What you need to do: Please set down each of the lines below once more, exactly, omitting all pictures.

[[ Source data open ]]

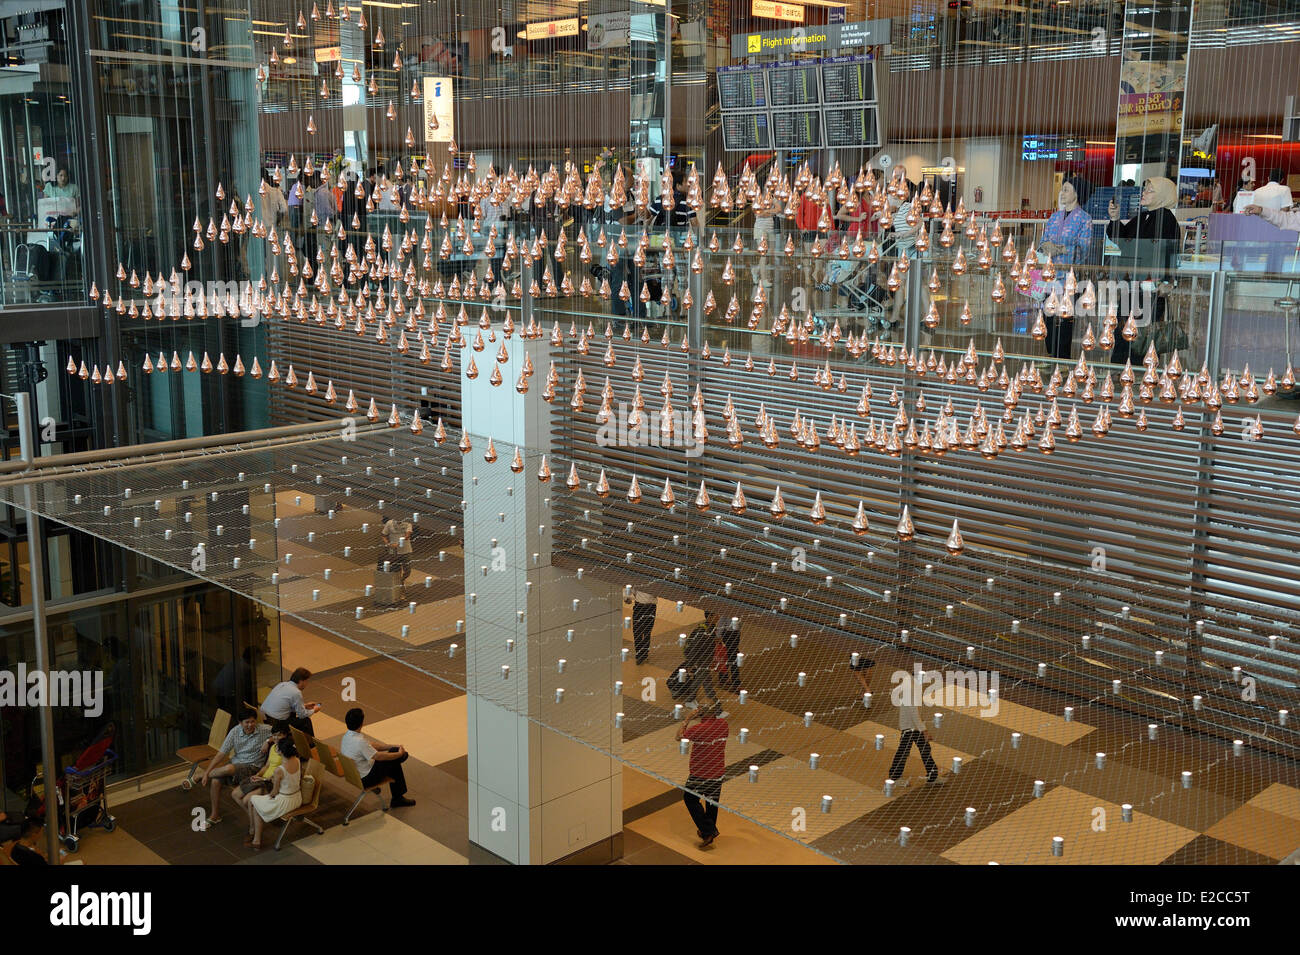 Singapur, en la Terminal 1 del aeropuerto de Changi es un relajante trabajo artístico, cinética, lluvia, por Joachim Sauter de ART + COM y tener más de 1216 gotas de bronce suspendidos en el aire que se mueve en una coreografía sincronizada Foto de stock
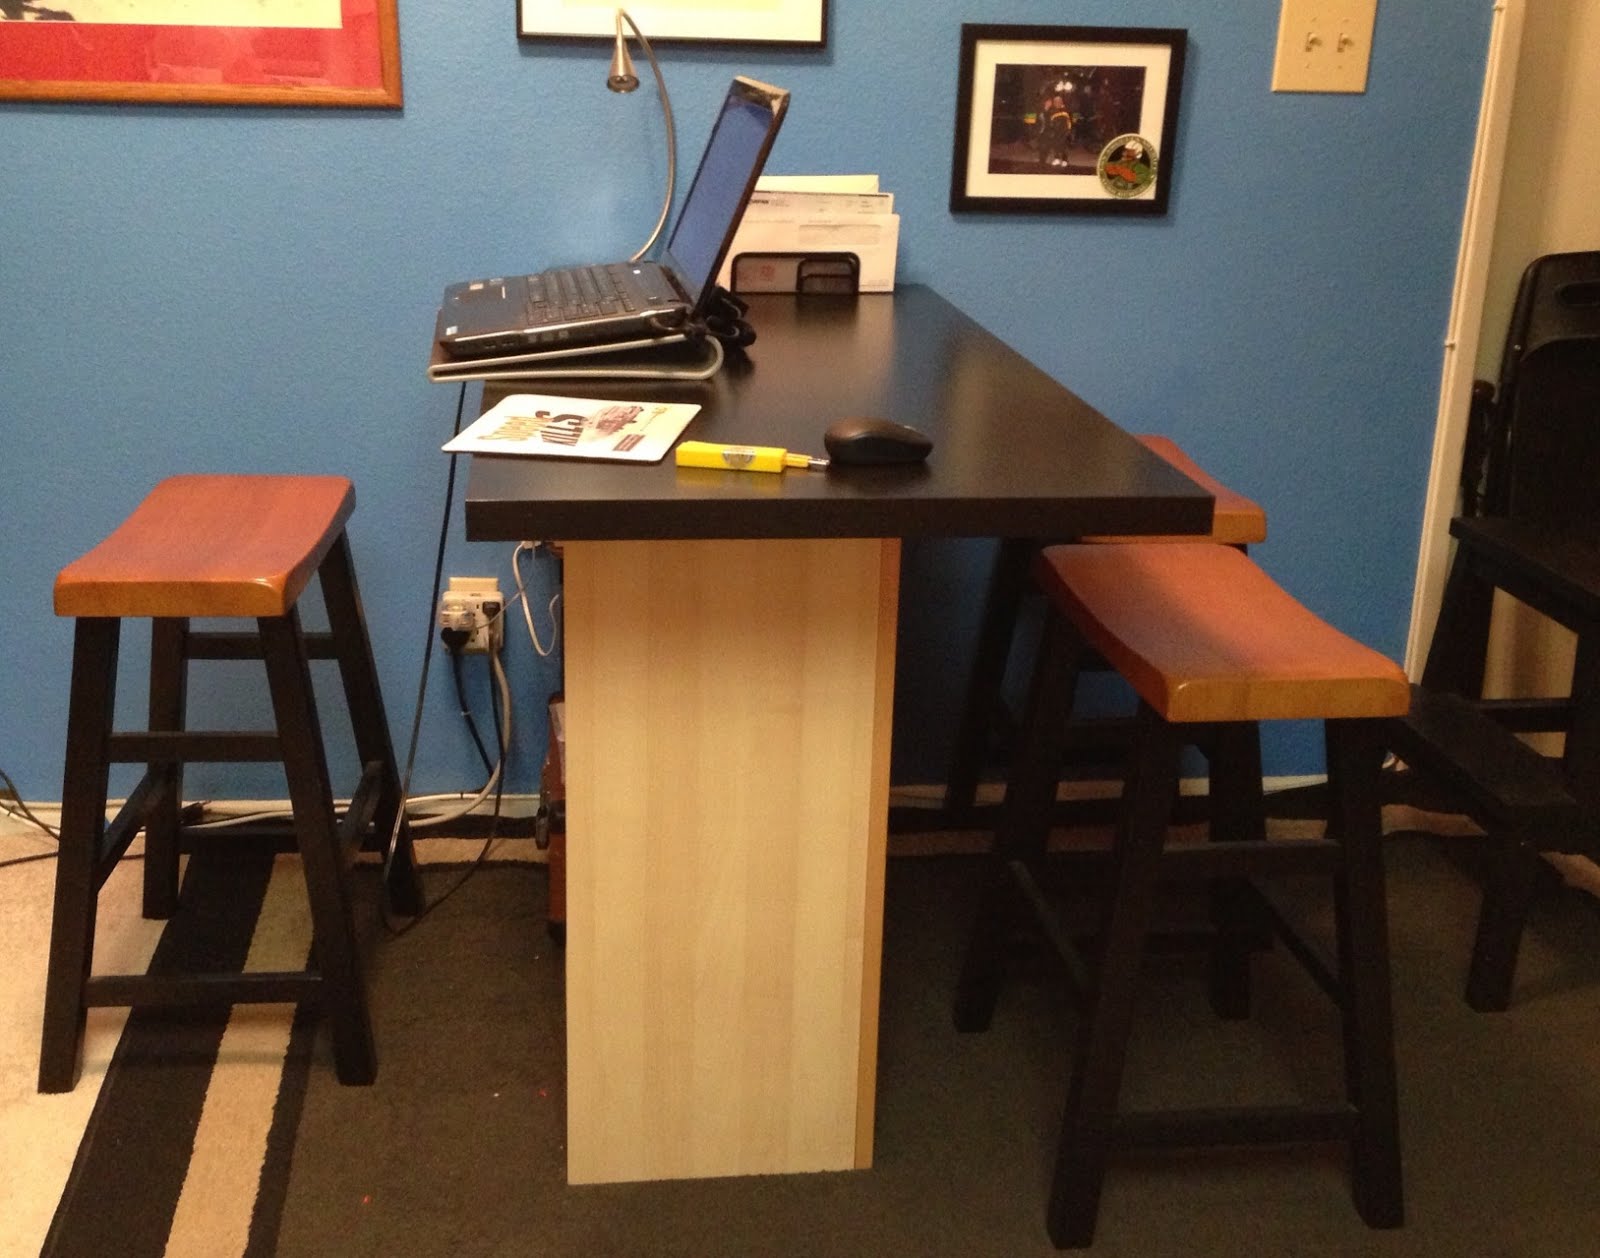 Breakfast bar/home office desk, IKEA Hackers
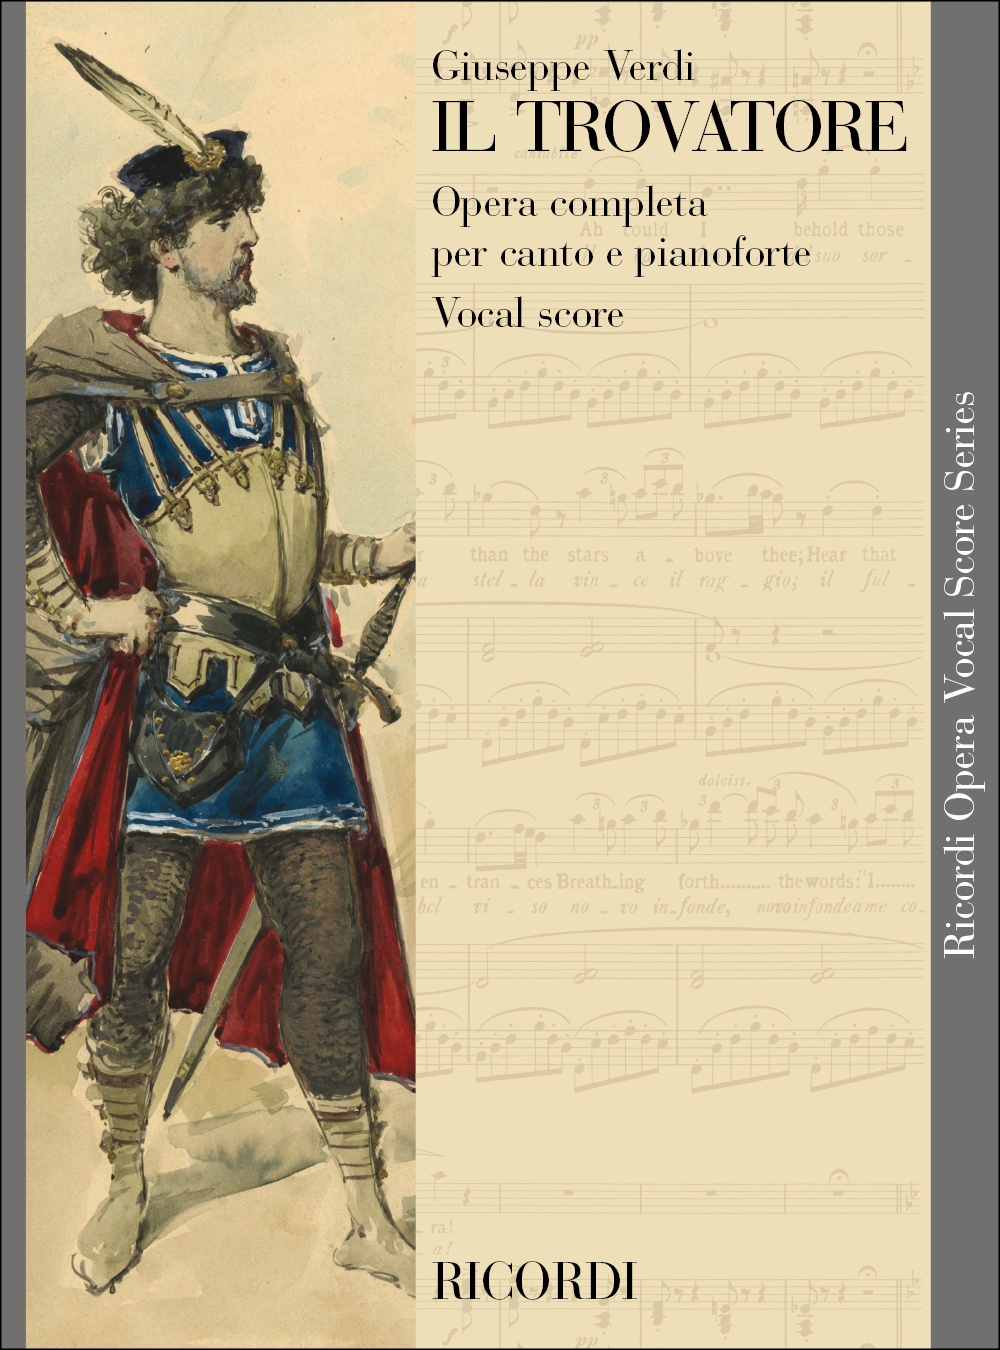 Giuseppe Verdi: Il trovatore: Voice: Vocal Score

[[ Source data closed ]]

Exercise response:
 Singapur, en la Terminal 1 del aeropuerto de Changi es un relajante trabajo artístico, cinética, lluvia, por Joachim Sauter de ART + COM y tener más de 1216 gotas de bronce suspendidos en el aire que se mueve en una coreografía sincronizada Foto de stock
 Breakfast bar/home office desk, IKEA Hackers
 Giuseppe Verdi: Il trovatore: Voice: Vocal Score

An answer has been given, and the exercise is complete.